**EXERCISE INSTRUCTIONS:** All of the data below is to be returned unaltered.

**MATERIAL FOR THIS EXERCISE:**

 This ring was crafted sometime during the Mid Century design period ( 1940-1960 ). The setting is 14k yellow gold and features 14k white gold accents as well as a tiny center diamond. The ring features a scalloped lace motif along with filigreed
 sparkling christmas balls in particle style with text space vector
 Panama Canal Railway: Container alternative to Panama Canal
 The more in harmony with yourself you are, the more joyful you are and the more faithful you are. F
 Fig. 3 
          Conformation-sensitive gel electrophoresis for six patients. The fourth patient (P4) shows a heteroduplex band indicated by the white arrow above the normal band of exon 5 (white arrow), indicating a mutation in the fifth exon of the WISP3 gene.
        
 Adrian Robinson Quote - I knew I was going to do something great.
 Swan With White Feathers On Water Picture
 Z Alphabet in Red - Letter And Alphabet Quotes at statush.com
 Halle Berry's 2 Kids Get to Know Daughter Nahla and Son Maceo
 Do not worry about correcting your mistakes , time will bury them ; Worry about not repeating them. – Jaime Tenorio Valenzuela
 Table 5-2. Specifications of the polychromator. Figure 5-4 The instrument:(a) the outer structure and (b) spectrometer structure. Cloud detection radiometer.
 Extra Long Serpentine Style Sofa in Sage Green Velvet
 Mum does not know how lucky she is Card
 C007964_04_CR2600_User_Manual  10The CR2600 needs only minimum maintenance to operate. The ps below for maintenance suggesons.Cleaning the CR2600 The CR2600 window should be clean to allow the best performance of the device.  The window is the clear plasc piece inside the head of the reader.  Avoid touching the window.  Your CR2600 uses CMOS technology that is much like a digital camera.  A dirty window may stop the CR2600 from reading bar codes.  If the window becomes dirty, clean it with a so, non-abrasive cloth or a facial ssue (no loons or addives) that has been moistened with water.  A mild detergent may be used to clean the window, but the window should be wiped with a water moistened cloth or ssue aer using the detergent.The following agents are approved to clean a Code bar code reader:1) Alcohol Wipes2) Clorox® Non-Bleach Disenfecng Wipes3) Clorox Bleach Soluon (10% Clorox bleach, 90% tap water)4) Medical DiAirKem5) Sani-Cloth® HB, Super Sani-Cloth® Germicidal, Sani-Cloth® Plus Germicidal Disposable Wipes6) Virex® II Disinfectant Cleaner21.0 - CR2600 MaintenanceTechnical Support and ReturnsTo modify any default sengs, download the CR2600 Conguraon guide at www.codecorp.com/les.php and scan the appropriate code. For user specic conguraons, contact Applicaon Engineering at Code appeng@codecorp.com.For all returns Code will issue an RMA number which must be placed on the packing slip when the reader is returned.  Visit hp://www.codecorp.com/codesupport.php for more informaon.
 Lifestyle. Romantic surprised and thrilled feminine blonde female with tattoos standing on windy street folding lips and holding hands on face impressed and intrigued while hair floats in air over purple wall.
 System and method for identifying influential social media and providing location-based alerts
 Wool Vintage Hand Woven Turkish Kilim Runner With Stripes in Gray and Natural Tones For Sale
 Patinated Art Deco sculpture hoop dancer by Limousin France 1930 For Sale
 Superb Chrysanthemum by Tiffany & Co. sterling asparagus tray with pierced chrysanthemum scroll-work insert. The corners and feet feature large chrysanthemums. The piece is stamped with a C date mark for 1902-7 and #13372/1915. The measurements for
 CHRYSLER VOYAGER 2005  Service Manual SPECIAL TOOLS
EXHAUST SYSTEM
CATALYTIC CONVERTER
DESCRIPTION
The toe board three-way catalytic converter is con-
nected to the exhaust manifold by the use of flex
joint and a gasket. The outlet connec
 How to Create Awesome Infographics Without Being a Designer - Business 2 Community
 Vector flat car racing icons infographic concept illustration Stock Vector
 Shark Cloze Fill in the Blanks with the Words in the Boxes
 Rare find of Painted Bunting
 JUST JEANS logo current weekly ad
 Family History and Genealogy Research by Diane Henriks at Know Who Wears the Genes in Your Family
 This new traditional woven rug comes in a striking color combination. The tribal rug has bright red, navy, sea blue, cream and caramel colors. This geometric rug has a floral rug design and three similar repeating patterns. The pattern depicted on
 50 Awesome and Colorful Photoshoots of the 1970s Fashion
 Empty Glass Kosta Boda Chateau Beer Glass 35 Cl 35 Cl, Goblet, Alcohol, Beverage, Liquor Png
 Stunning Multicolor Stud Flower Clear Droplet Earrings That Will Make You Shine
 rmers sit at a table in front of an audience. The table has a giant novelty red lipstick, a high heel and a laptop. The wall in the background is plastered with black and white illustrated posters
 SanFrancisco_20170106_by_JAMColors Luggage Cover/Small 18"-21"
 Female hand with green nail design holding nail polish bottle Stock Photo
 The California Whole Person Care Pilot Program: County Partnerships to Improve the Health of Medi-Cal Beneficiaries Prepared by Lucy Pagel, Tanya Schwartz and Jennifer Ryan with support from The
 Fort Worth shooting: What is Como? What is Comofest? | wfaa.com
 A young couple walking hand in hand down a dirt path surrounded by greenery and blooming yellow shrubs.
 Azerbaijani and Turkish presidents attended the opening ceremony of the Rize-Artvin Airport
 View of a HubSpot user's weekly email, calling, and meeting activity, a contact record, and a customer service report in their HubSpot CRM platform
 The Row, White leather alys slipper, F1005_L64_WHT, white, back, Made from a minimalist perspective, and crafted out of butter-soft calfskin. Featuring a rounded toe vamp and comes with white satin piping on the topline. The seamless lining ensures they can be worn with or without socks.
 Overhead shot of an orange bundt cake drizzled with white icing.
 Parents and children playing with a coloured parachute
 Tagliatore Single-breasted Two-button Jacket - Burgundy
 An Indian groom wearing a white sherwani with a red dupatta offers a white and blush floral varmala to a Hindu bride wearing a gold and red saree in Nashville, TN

**FINISHED EXERCISE:**
 This ring was crafted sometime during the Mid Century design period ( 1940-1960 ). The setting is 14k yellow gold and features 14k white gold accents as well as a tiny center diamond. The ring features a scalloped lace motif along with filigreed
 sparkling christmas balls in particle style with text space vector
 Panama Canal Railway: Container alternative to Panama Canal
 The more in harmony with yourself you are, the more joyful you are and the more faithful you are. F
 Fig. 3 
          Conformation-sensitive gel electrophoresis for six patients. The fourth patient (P4) shows a heteroduplex band indicated by the white arrow above the normal band of exon 5 (white arrow), indicating a mutation in the fifth exon of the WISP3 gene.
        
 Adrian Robinson Quote - I knew I was going to do something great.
 Swan With White Feathers On Water Picture
 Z Alphabet in Red - Letter And Alphabet Quotes at statush.com
 Halle Berry's 2 Kids Get to Know Daughter Nahla and Son Maceo
 Do not worry about correcting your mistakes , time will bury them ; Worry about not repeating them. – Jaime Tenorio Valenzuela
 Table 5-2. Specifications of the polychromator. Figure 5-4 The instrument:(a) the outer structure and (b) spectrometer structure. Cloud detection radiometer.
 Extra Long Serpentine Style Sofa in Sage Green Velvet
 Mum does not know how lucky she is Card
 C007964_04_CR2600_User_Manual  10The CR2600 needs only minimum maintenance to operate. The ps below for maintenance suggesons.Cleaning the CR2600 The CR2600 window should be clean to allow the best performance of the device.  The window is the clear plasc piece inside the head of the reader.  Avoid touching the window.  Your CR2600 uses CMOS technology that is much like a digital camera.  A dirty window may stop the CR2600 from reading bar codes.  If the window becomes dirty, clean it with a so, non-abrasive cloth or a facial ssue (no loons or addives) that has been moistened with water.  A mild detergent may be used to clean the window, but the window should be wiped with a water moistened cloth or ssue aer using the detergent.The following agents are approved to clean a Code bar code reader:1) Alcohol Wipes2) Clorox® Non-Bleach Disenfecng Wipes3) Clorox Bleach Soluon (10% Clorox bleach, 90% tap water)4) Medical DiAirKem5) Sani-Cloth® HB, Super Sani-Cloth® Germicidal, Sani-Cloth® Plus Germicidal Disposable Wipes6) Virex® II Disinfectant Cleaner21.0 - CR2600 MaintenanceTechnical Support and ReturnsTo modify any default sengs, download the CR2600 Conguraon guide at www.codecorp.com/les.php and scan the appropriate code. For user specic conguraons, contact Applicaon Engineering at Code appeng@codecorp.com.For all returns Code will issue an RMA number which must be placed on the packing slip when the reader is returned.  Visit hp://www.codecorp.com/codesupport.php for more informaon.
 Lifestyle. Romantic surprised and thrilled feminine blonde female with tattoos standing on windy street folding lips and holding hands on face impressed and intrigued while hair floats in air over purple wall.
 System and method for identifying influential social media and providing location-based alerts
 Wool Vintage Hand Woven Turkish Kilim Runner With Stripes in Gray and Natural Tones For Sale
 Patinated Art Deco sculpture hoop dancer by Limousin France 1930 For Sale
 Superb Chrysanthemum by Tiffany & Co. sterling asparagus tray with pierced chrysanthemum scroll-work insert. The corners and feet feature large chrysanthemums. The piece is stamped with a C date mark for 1902-7 and #13372/1915. The measurements for
 CHRYSLER VOYAGER 2005  Service Manual SPECIAL TOOLS
EXHAUST SYSTEM
CATALYTIC CONVERTER
DESCRIPTION
The toe board three-way catalytic converter is con-
nected to the exhaust manifold by the use of flex
joint and a gasket. The outlet connec
 How to Create Awesome Infographics Without Being a Designer - Business 2 Community
 Vector flat car racing icons infographic concept illustration Stock Vector
 Shark Cloze Fill in the Blanks with the Words in the Boxes
 Rare find of Painted Bunting
 JUST JEANS logo current weekly ad
 Family History and Genealogy Research by Diane Henriks at Know Who Wears the Genes in Your Family
 This new traditional woven rug comes in a striking color combination. The tribal rug has bright red, navy, sea blue, cream and caramel colors. This geometric rug has a floral rug design and three similar repeating patterns. The pattern depicted on
 50 Awesome and Colorful Photoshoots of the 1970s Fashion
 Empty Glass Kosta Boda Chateau Beer Glass 35 Cl 35 Cl, Goblet, Alcohol, Beverage, Liquor Png
 Stunning Multicolor Stud Flower Clear Droplet Earrings That Will Make You Shine
 rmers sit at a table in front of an audience. The table has a giant novelty red lipstick, a high heel and a laptop. The wall in the background is plastered with black and white illustrated posters
 SanFrancisco_20170106_by_JAMColors Luggage Cover/Small 18"-21"
 Female hand with green nail design holding nail polish bottle Stock Photo
 The California Whole Person Care Pilot Program: County Partnerships to Improve the Health of Medi-Cal Beneficiaries Prepared by Lucy Pagel, Tanya Schwartz and Jennifer Ryan with support from The
 Fort Worth shooting: What is Como? What is Comofest? | wfaa.com
 A young couple walking hand in hand down a dirt path surrounded by greenery and blooming yellow shrubs.
 Azerbaijani and Turkish presidents attended the opening ceremony of the Rize-Artvin Airport
 View of a HubSpot user's weekly email, calling, and meeting activity, a contact record, and a customer service report in their HubSpot CRM platform
 The Row, White leather alys slipper, F1005_L64_WHT, white, back, Made from a minimalist perspective, and crafted out of butter-soft calfskin. Featuring a rounded toe vamp and comes with white satin piping on the topline. The seamless lining ensures they can be worn with or without socks.
 Overhead shot of an orange bundt cake drizzled with white icing.
 Parents and children playing with a coloured parachute
 Tagliatore Single-breasted Two-button Jacket - Burgundy
 An Indian groom wearing a white sherwani with a red dupatta offers a white and blush floral varmala to a Hindu bride wearing a gold and red saree in Nashville, TN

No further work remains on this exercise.